In its Petition for Review filed in the U.S. Court of Appeals for the District of Columbia Circuit, Beyond Nuclear asked the Court to dismiss the NRC licensing proceeding for a permit to build and operate a CISF proposed by Interim Storage Partners (ISP), a business consortium. It plans to use the facility to store 40,000 metric tons of highly radioactive irradiated fuel generated by nuclear reactors across the U.S. (also euphemistically known as "used" or "spent" fuel), amounting to nearly half of the nation's current inventory.
The irradiated fuel would be housed on the surface of the land, on the site of an existing facility for storage and disposal of so-called "low-level radioactive waste" (LLRW). The LLRW facility is owned and operated by Waste Control Specialists (WCS). WCS and Orano (formerly Areva) comprise ISP. ISP's CISF is located about 0.37 miles from the New Mexico border, and very near the Ogallala Aquifer, an essential source of irrigation and drinking water across eight High Plains states.
The Beyond Nuclear petition charges that orders issued by the NRC in 2018 and 2020 violate federal law by contemplating that the U.S. government will become the owner of the irradiated fuel during transportation to and storage at the ISP facility. Under the Nuclear Waste Policy Act, the government is precluded from taking title to irradiated fuel unless and until a repository is licensed and operating. No such repository has been licensed in the U.S. The U.S. Department of Energy's (DOE) most recent estimate for the opening of a geologic repository is the year 2048 at the earliest.
In its 2020 decision, in which the NRC rejected challenges to the license application, the NRC Commissioners admitted that the Nuclear Waste Policy Act would indeed be violated if title to irradiated fuel were transferred to the federal government so it could be stored at the ISP facility. But they refused to remove the proposed license provision which contemplates federal ownership of the irradiated fuel. Instead, they ruled that approving ISP's application would not directly involve NRC in a violation of federal law - according to the NRC, that violation would occur only if DOE acted on the approved license - and therefore they could approve it, despite the fact the provision is illegal.
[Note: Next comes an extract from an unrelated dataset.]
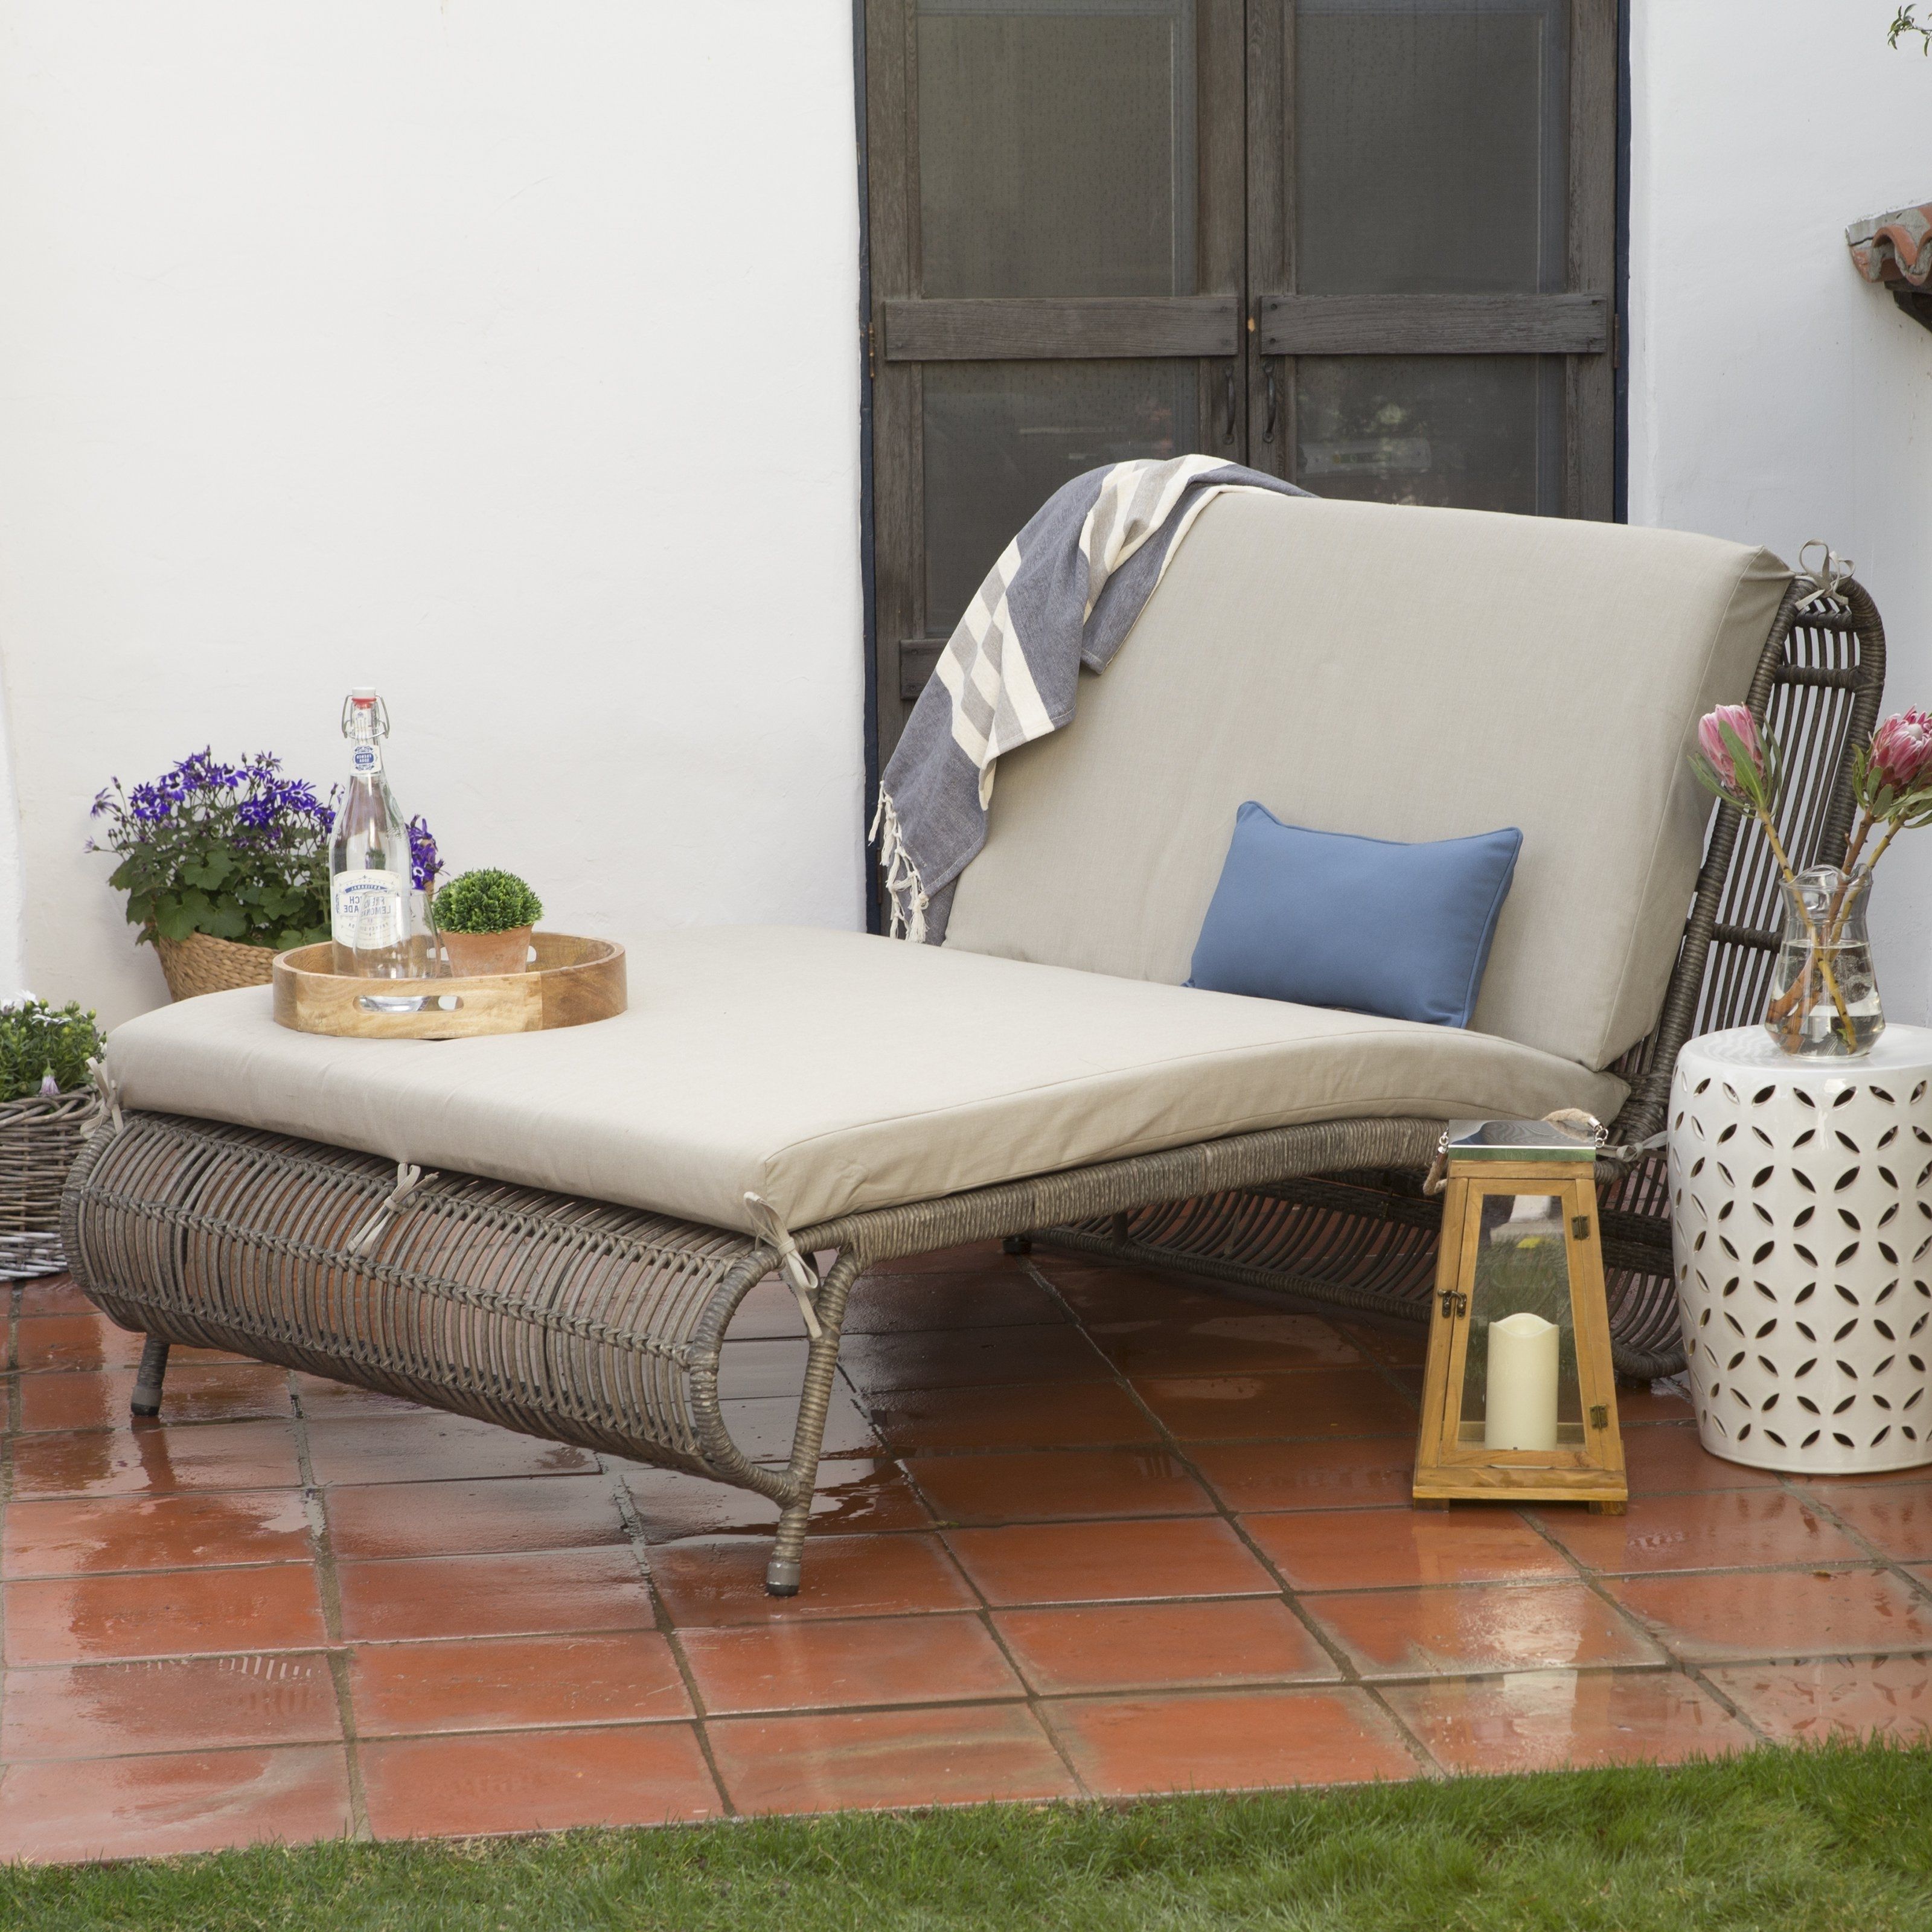 Fashionable Belham Living Batiki Sun Bed Double Chaise Lounge With Cushion Intended For Chaise Lounge Beds (View 2 of 15)

The NRC Commissioners also noted with approval that "ISP acknowledges that it hopes Congress will change the law to allow DOE to enter storage contracts prior to the availability of a repository" (December 17, 2020 order, page 5).
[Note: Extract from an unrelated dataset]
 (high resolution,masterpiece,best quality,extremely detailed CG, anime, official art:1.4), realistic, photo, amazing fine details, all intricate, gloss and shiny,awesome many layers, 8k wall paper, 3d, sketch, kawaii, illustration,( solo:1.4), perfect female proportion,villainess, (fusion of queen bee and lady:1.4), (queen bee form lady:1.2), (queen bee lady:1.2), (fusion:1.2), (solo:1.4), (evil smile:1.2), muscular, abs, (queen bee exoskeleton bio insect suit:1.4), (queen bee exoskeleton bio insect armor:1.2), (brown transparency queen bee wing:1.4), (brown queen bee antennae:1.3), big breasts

But the petition contends that the NRC may not approve license provisions that violate federal law in the hope the law will change. "This NRC decision flagrantly violates the federal Administrative Procedure Act (APA), which prohibits an agency from acting contrary to the law as issued by Congress and signed by the President," said Mindy Goldstein, an attorney for Beyond Nuclear. "The Commission lacks a legal or logical basis for its rationale that it may issue a license with an illegal provision, in the hopes that ISP or the Department of Energy won't complete the illegal activity it authorized. The buck must stop with the NRC." Co-counsel Diane Curran stated, "Our claim is simple. The NRC is not above the law, nor does it stand apart from it."
In a separate case, filed in June 2020, Beyond Nuclear challenged a similar application, by Holtec International, to store up to 173,600 metric tons of irradiated fuel on another CISF site in southeastern New Mexico. The Holtec site lies just over 40 miles west from the ISP facility in Texas. Like ISP's license application, Holtec's application illegally assumes that the federal government will take title to the irradiated fuel during transportation and storage.
Background on the Nuclear Waste Policy Act. According to a 1996 D.C. Circuit Court ruling, the NWPA is Congress' "comprehensive scheme for the interim storage and permanent disposal of high-level radioactive waste generated by civilian nuclear power plants" [Ind. Mich. Power Co. v. DOE, 88 F.3d 1272, 1273 (D.C. Cir. 1996)]. The law establishes distinct roles for the federal government, versus the owners of facilities that generate irradiated fuel, with respect to storage and disposal of the highly radioactive wastes. The "Federal Government has the responsibility to provide for the permanent disposal of...spent nuclear fuel" but "the generators and owners of...spent nuclear fuel have the primary responsibility to provide for, and the responsibility to pay the costs of, the interim storage of...spent fuel until such...spent fuel is accepted by the Secretary of Energy" [42 U.S.C. SS 10131]. Section 111 of the NWPA specifically provides that the federal government will not take title to spent fuel until it has opened a permanent geologic repository [42 U.S.C. SS 10131(a)(5)].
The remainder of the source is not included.